I can tell you, as a person who suffered (and I mean Suffered) insomnia for 8 years, and saw countless docs.. (the cause was stress, and docs don't treat that) .. the role for me is that it makes it work like I am a teen again. I can memorize youtube urls now, with some practiced chunking.
I had a similar discovery with sleep myself like that. I had been suffering from un-diagnosed severe complex sleep apnea for as best as we can figure 5-10 years. once starting sleep with a BiPAP machine to help with the breathing I went from having no REM sleep and no dreams to having them all the time.
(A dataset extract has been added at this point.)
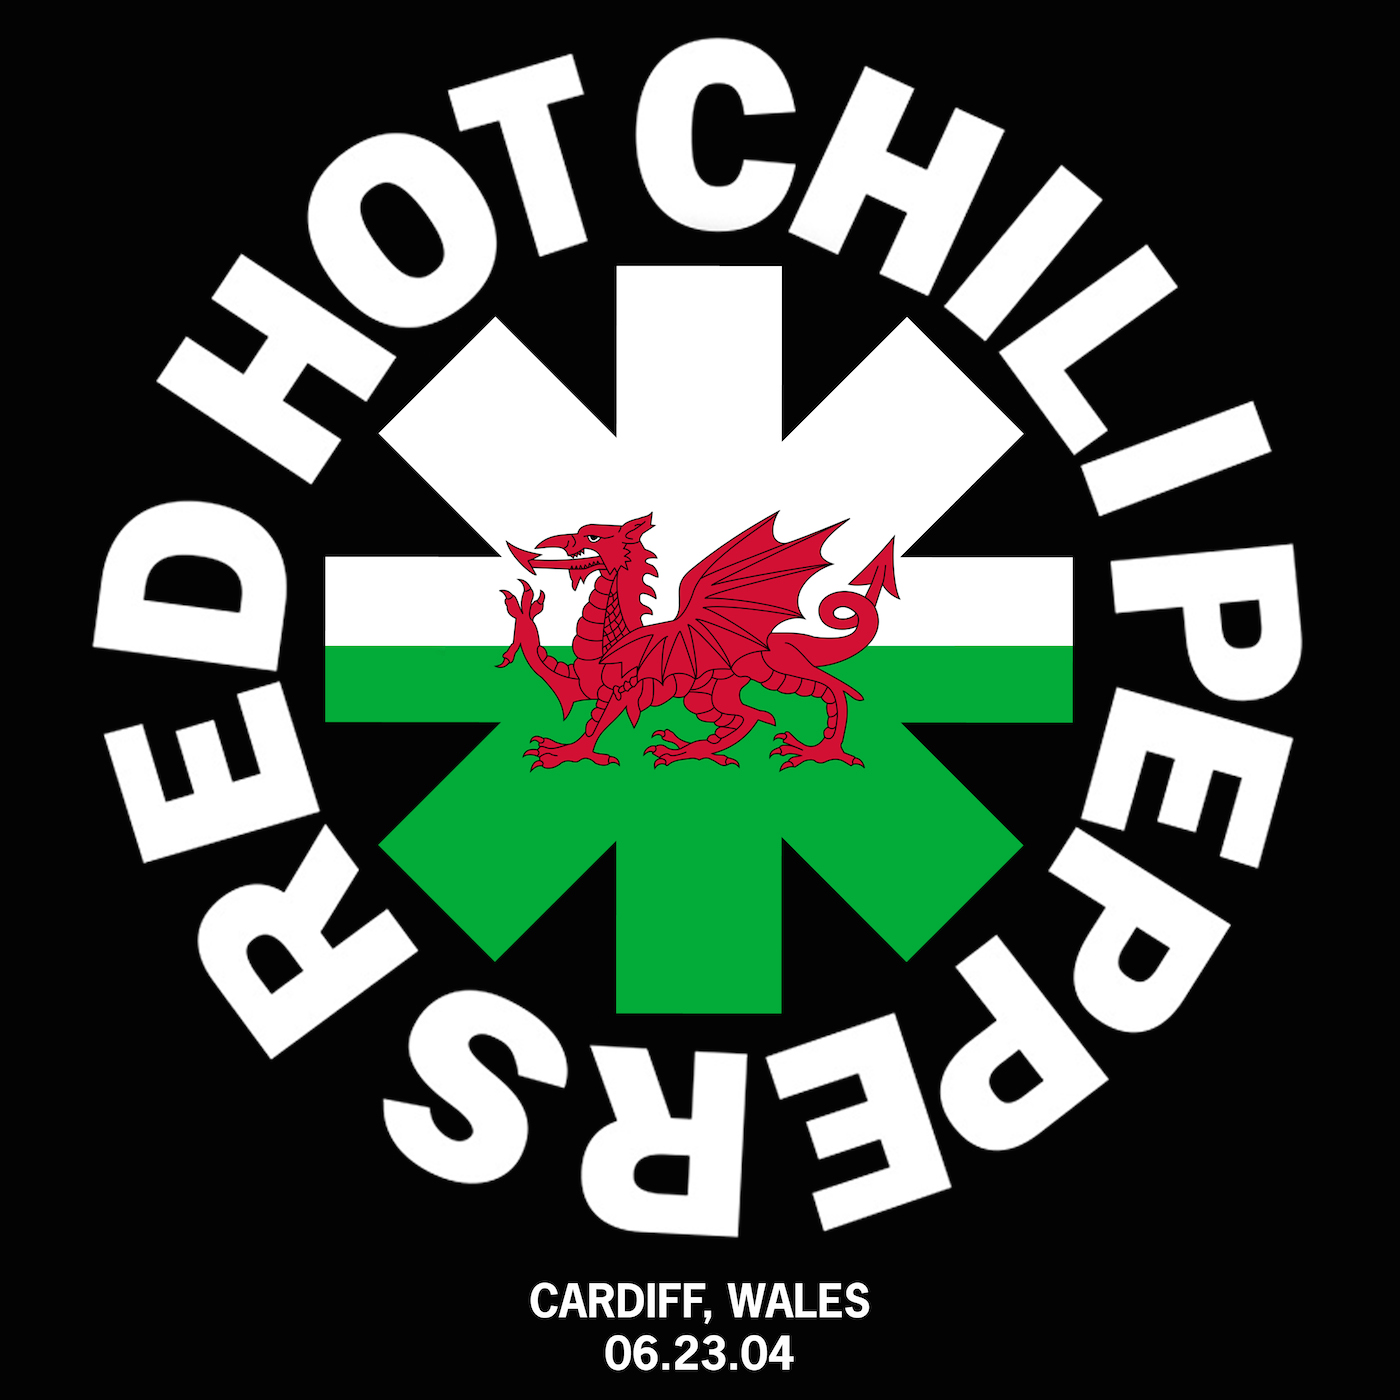 RED HOT CHILI PEPPERS - Cardiff, Wales (6/23/04) cover

After about the first month I could finally remember what happened the day before clearly and without issue. The dramatic change did actually swing me a little more towards depression for a while simply because I could finally understand what I had been missing for so long and that there was nothing I could do to get it back. It was definitely an interesting experience.
I know that depression increases the need for sleep and napping. I also remember reading of evidence that long term depression shrinks the hippocampus. Could the increase in need for sleep indicate a poorly functioning hippocampus under conditions of depression? And could such a connection, if it exists, be an avenue for finding better chemical (or electrical) treatment for depression?